To write matrices or other math formulas, use LaTeX. There are a number of tutorials on the internet. On this board you begin LaTeX code by [ tex ] (without the spaces) and end with [ \tex ] (without the spaces). You can do "in line" LaTeX with [ itex ] and [ /itex ]. To do a matrix use \ begin{bmatrix} and \ end{bmatrix} (without the spaces) for a matrix with braces:
\begin{bmatrix}4 & 4 & 1 \\ 12 & 12 & 3\\ 36 & 36 & 9\end{bmatrix}
use "pmatrix" to get the same thing with ( ):
\begin{pmatrix}4 & 4 & 1 \\ 12 & 12 & 3\\ 36 & 36 & 9\end{pmatrix}
Matrix E1 =
4 4 1
12 12 3
36 36 9
No, it's not. That is (A+ 2I)^2. Isn't E_1= A(A+ 2I)^2? (I don't know what that "a" in the formula was supposed to be.)
If I have done the calculation correctly,
E_1= A(A+ 2I)^2= \begin{bmatrix}12 & 12 & 3 \\ 36 & 36 & 9\\ 108 & 108 & 27\end{bmatrix}
the kernel of E_1 would be the set of all (x, y, z) such that
\begin{bmatrix}12 & 12 3 \\ 36 & 36 & 9\\ 108 & 108 & 27\end{bmatrix}\begin{bmatrix}x \\ y \\ z\end{bmatrix}= \begin{bmatrix}12x+ 12y+ 3z \\ 36x+ 36y+ 9z \\ 108x+ 108y+ 27z\end{bmatrix}= \begin{bmatrix}0 \\ 0 \\ 0\end{bmatrix}
which gives the three equations 12x+ 12y+ 3z= 0, 36x+ 36y+ 9z= 0, 108x+ 108y+ 27z= 0 which are all multiples of one another. In fact, they all reduce to 4x+ 4y+ z= 0 or z= -4x- 4y. That means that any vector in the kernel can be written as
\begin{bmatrix}x \\ y \\ z\end{bmatrix}= \begin{bmatrix}x \\ y \\ -4x- 4y\end{bmatrix}= x\begin{bmatrix}1 \\ 0 \\ -4\end{bmatrix}+ \begin{bmatrix}0 \\ 1 \\ -4\end{bmatrix}
so the kernel is the two-dimensional subspace spanned by those two vectors.

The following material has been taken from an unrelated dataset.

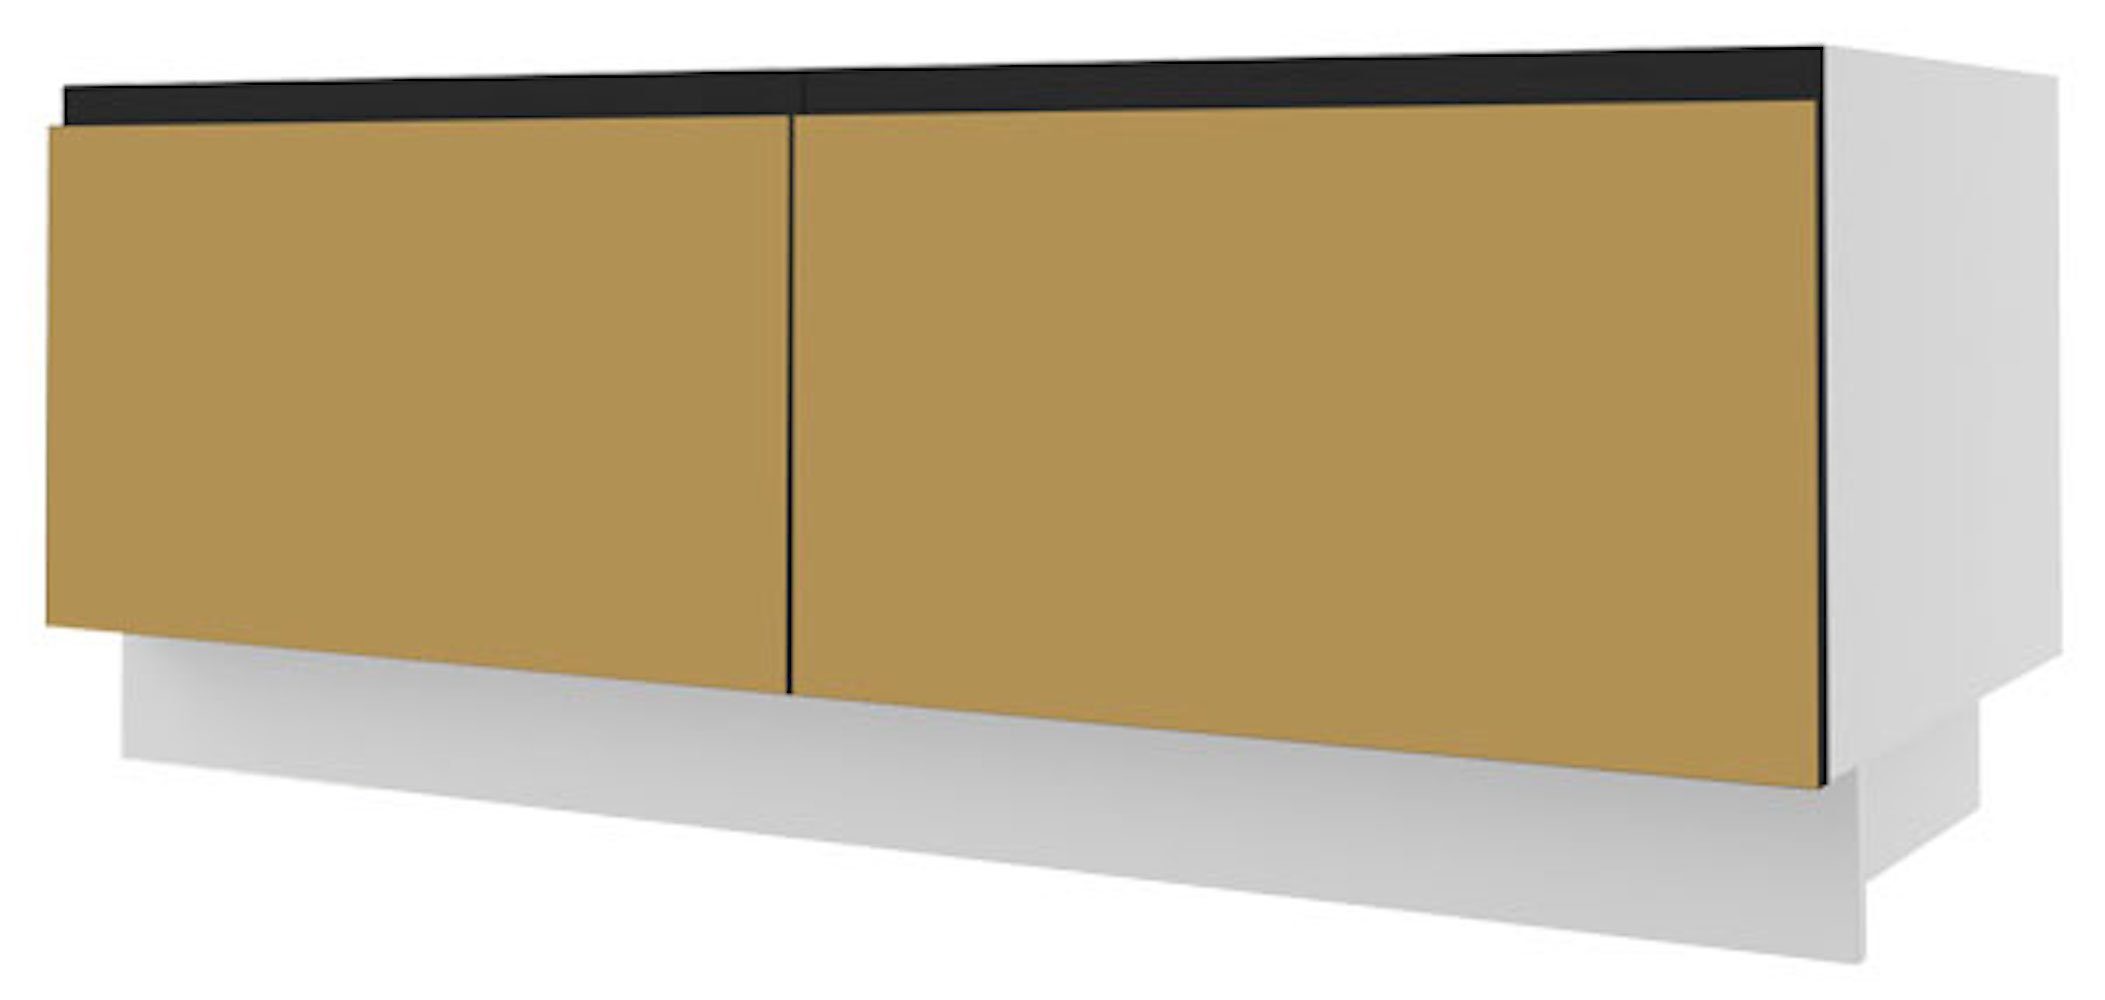 Velden 2 120cm Korpusfarbe (Vollauszug) Schubladen & Front- grifflos Unterschrank wählbar Feldmann-Wohnen gold super matt

The Image of E_1 is the set of all (x, y, z) such that
\begin{bmatrix}12 & 12 3 \\ 36 & 36 & 9\\ 108 & 108 & 27\end{bmatrix}\begin{bmatrix}a \\ b\\ c \end{bmatrix}= \begin{bmatrix}12a+ 12b+ 3c \\ 36a+ 36y+ 9z \\ 108x+ 108y+ 27z\end{bmatrix}= \begin{bmatrix}x \\ y \\ z\end{bmatrix}
for some (a, b, c). That gives the three equations 12a+ 12b+ 3c= x, 36b+ 36c+ 9z= y, and 108a+ 108b+ 27c= z. If we subtract 3 times the first equation from the second we get y- 3x= 0. If we subtract 3 times the second equation from the third, we get z- 3y= 0. That is, z= 3y= 3(3x)= 9x. Any vector in the Image of E_1 must be of the form
\begin{bmatrix}x \\ y \\ z \end{bmatrix}= \begin{bmatrix} x \\ 3x \\ 9x\end{bmatrix}= x\begin{bmatrix}1 \\ 3 \\ 9\end{bmatrix}
However, that may have nothing to do with your problem because it is not at all clear how you intended to define "E_1".